Głosowanie na posiedzeniu plenarnym Parlamentu Europejskiego nad projektem sprawozdania odbędzie się najprawdopodobniej we wrześniu. W ten sposób PE przyjmie mandat do negocjacji ostatecznego kształtu Funduszu z Radą UE (państwami członkowskimi).
Mechanizm sprawiedliwej transformacji (fundusz o wartości 40 mld euro będzie jego częścią) ma być finansowym ramieniem Europejskiego Zielonego Ładu. W założeniu KE ma to być dźwignia do pozyskania ogromnych środków finansowych i wsparcia przemiany na drodze do neutralności klimatycznej Unii Europejskiej.
W styczniowej propozycji budżet Funduszu miał wynosić 7,5 mld euro na siedem lat. W pierwotnej propozycji Polsce miały przypaść dwa miliardy euro. Jednak w związku ze mobilizowaniem ogromnych środków na przezwyciężanie „koronakryzysu”, KE zaproponowała zwiększenie funduszu do 40 mld euro, z czego do Polski miałoby trafić osiem miliardów euro.
KE oczekuje, że mechanizm sprawiedliwej transformacji zmobilizuje co najmniej 150 mld euro inwestycji publicznych i prywatnych.
Kształt i obszary działania FST
Zwiększenie kwoty przypadającej Polsce z tego Funduszu, spowodowało konieczność dalszych rozmów z Komisją Europejską na temat zasad wykorzystania tych środków. Chodzi m.in. o związane z tym transfery pieniędzy z Europejskiego Funduszu Rozwoju Regionalnego oraz Europejskiego Funduszu Społecznego.
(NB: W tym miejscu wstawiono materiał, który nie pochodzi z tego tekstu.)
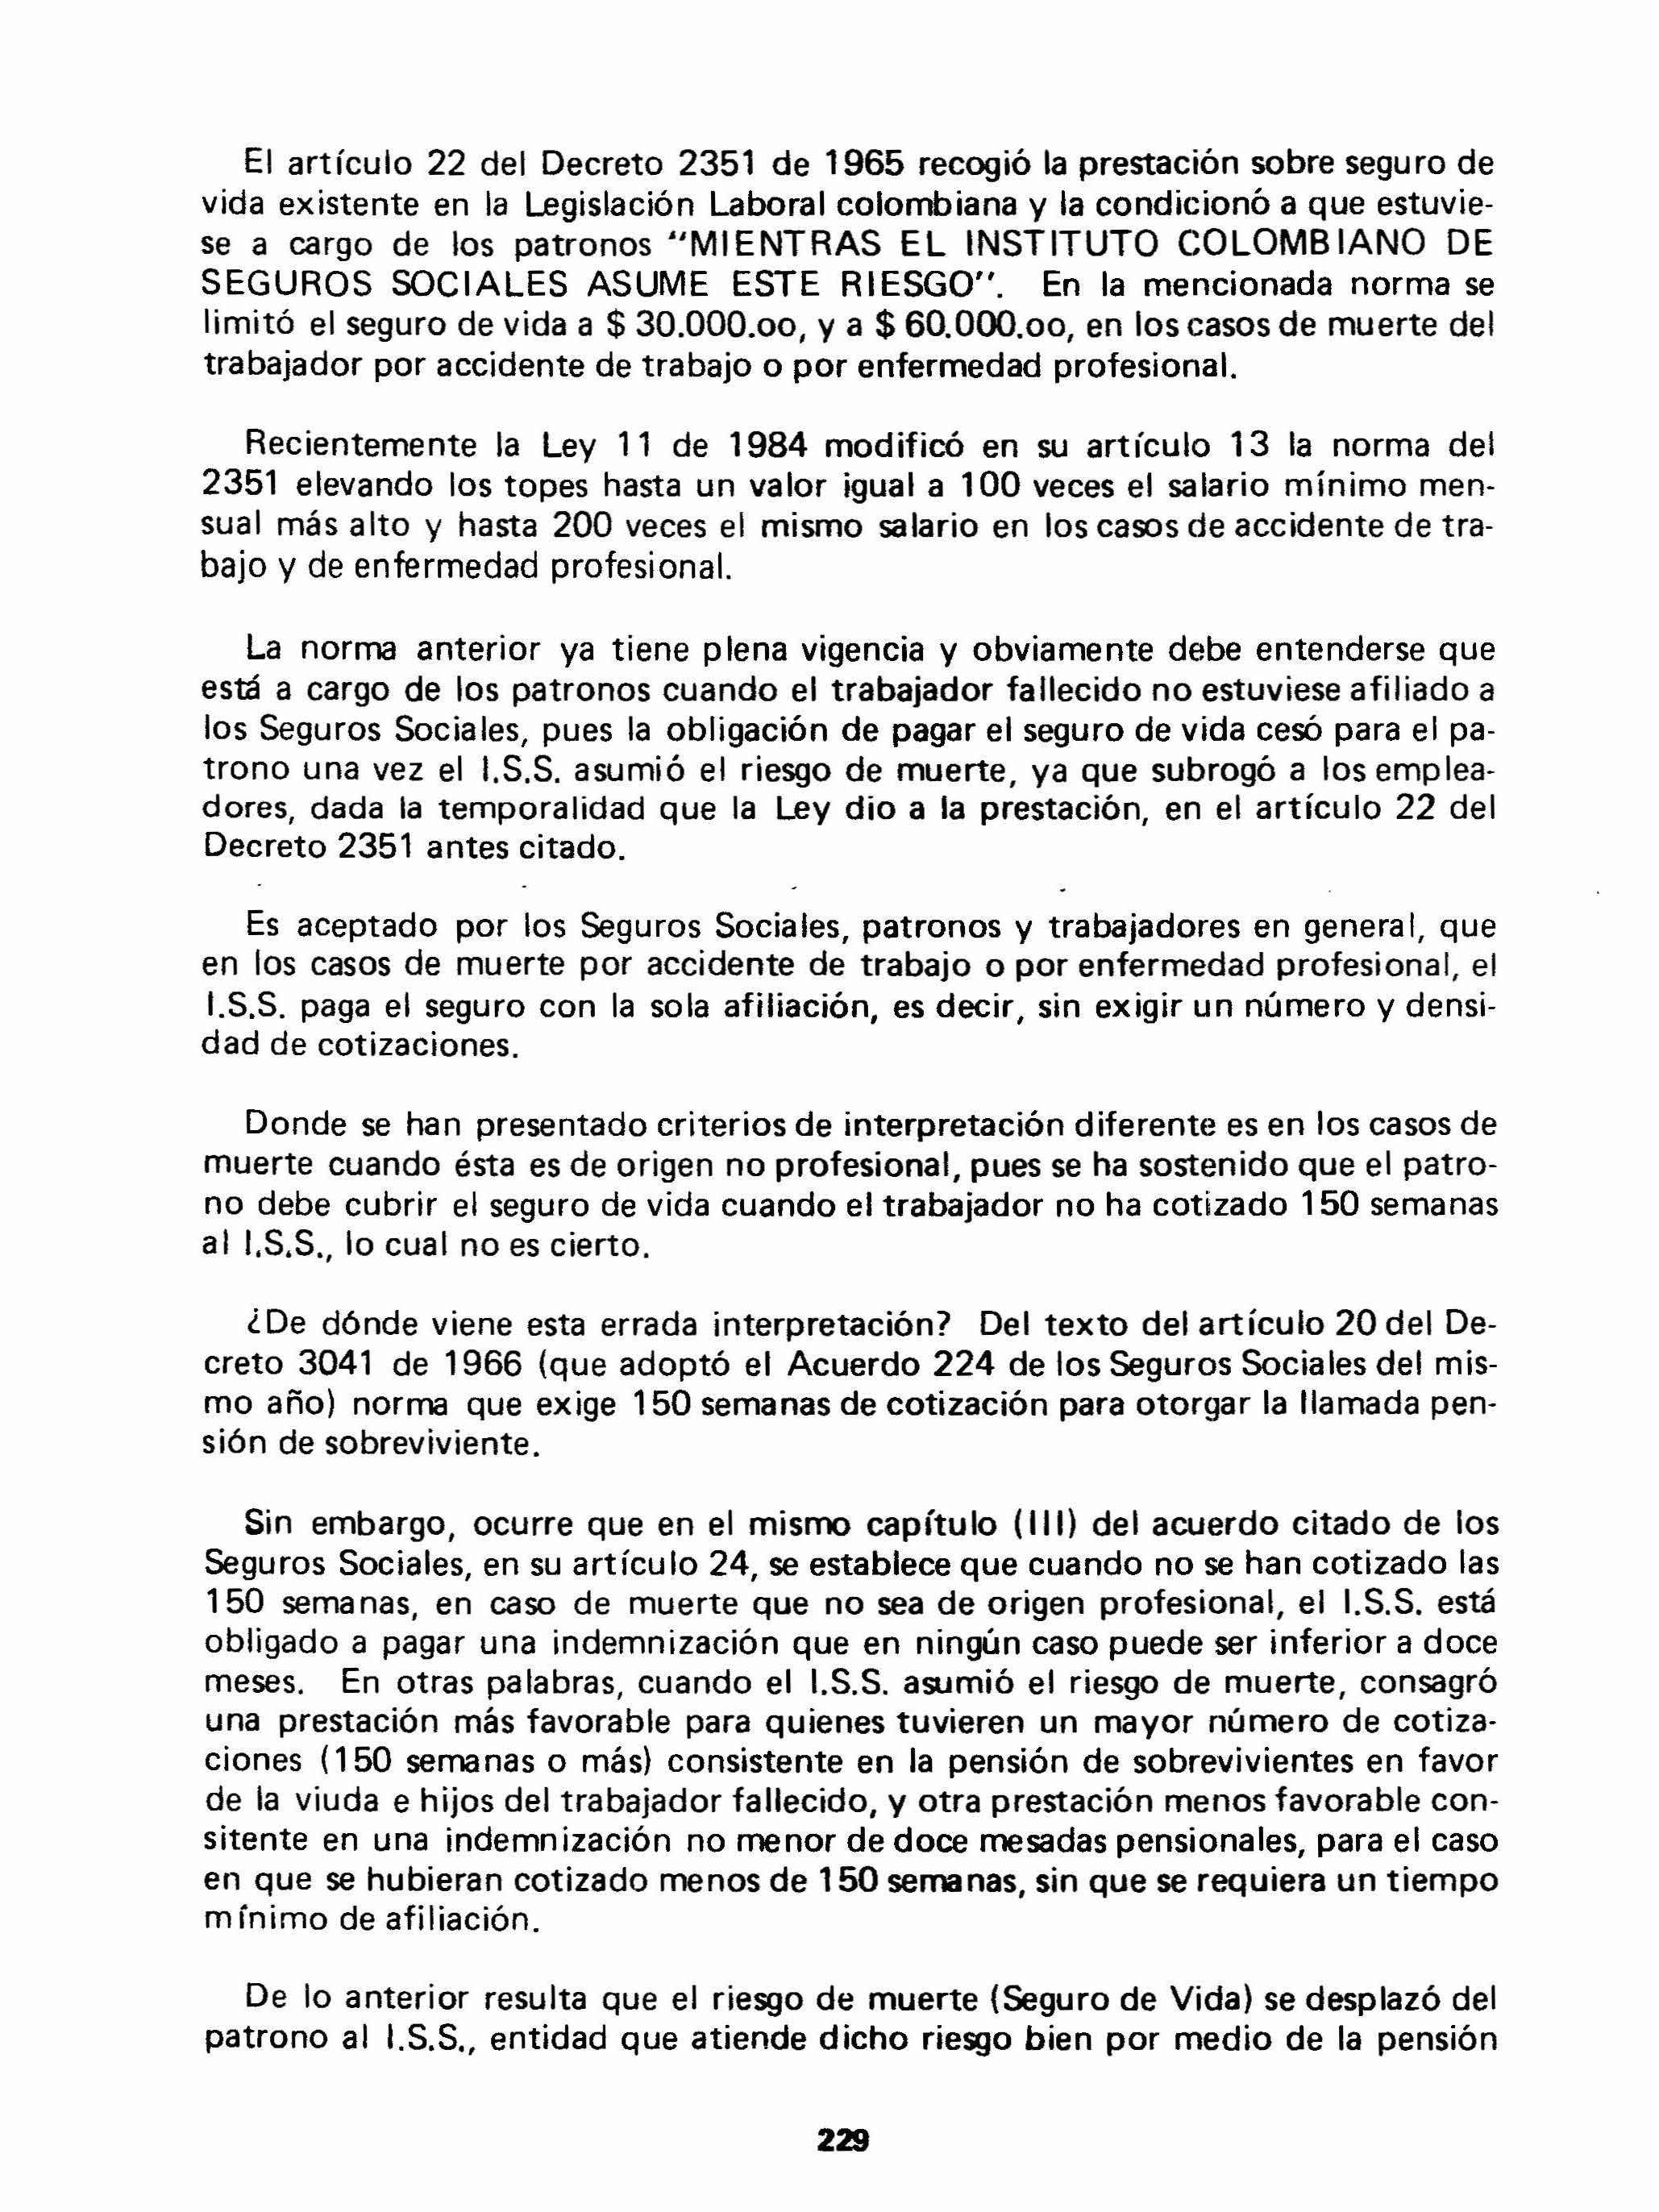 El artículo 22 del Decreto 2351 de 1965 recogió la prestación sobre seguro de vida existente en la Legislación Laboral colombiana y la condicionó a que estuviese a cargo de los patronos "MIENTRAS EL

Władze zakładały bowiem, że każde państwo członkowskie dołoży do FST od 1,5 do trzykrotności sumy.
– Ponieważ zmieniły się kwoty, w tej chwili prowadzimy negocjacje z Komisją nad zwiększeniem obszaru oddziaływania Funduszu Sprawiedliwej Transformacji (…) i rozmowy na temat jego kształtu – jak on ma wyglądać, na co ma być przeznaczony i na których obszarach działać – powiedziała minister Jarosińska-Jedynak.
Przy ministerstwie funduszy i polityki regionalnej powstała grupa robocza ds. FST, w pracy której uczestniczą m.in. przedstawiciele ministerstw: klimatu, aktywów państwowych i środowiska, a także reprezentanci samorządu wojewódzkiego.
– Chodzi o to, żeby wypracować jak najlepsze rozwiązania i być przygotowanym z poszczególnymi projektami i przedsięwzięciami do realizacji w ramach FST – wyjaśniła szefowa MFiPR, zaznaczając, że powiększenie Funduszu Sprawiedliwej Transformacji może zmienić niektóre priorytety, ale nie zmienia zasadniczego celu tego funduszu.
– Przede wszystkim kierunek ma łagodzić skutki transformacji – to jest celem, który przyświeca funduszowi i w tym kierunku też chcemy podążać, żeby być w zgodzie z celem Komisji Europejskiej i w zgodzie z tymi założeniami wydatkować pieniądze, aby później nie było konieczności ich zwrotu – podkreśliła minister.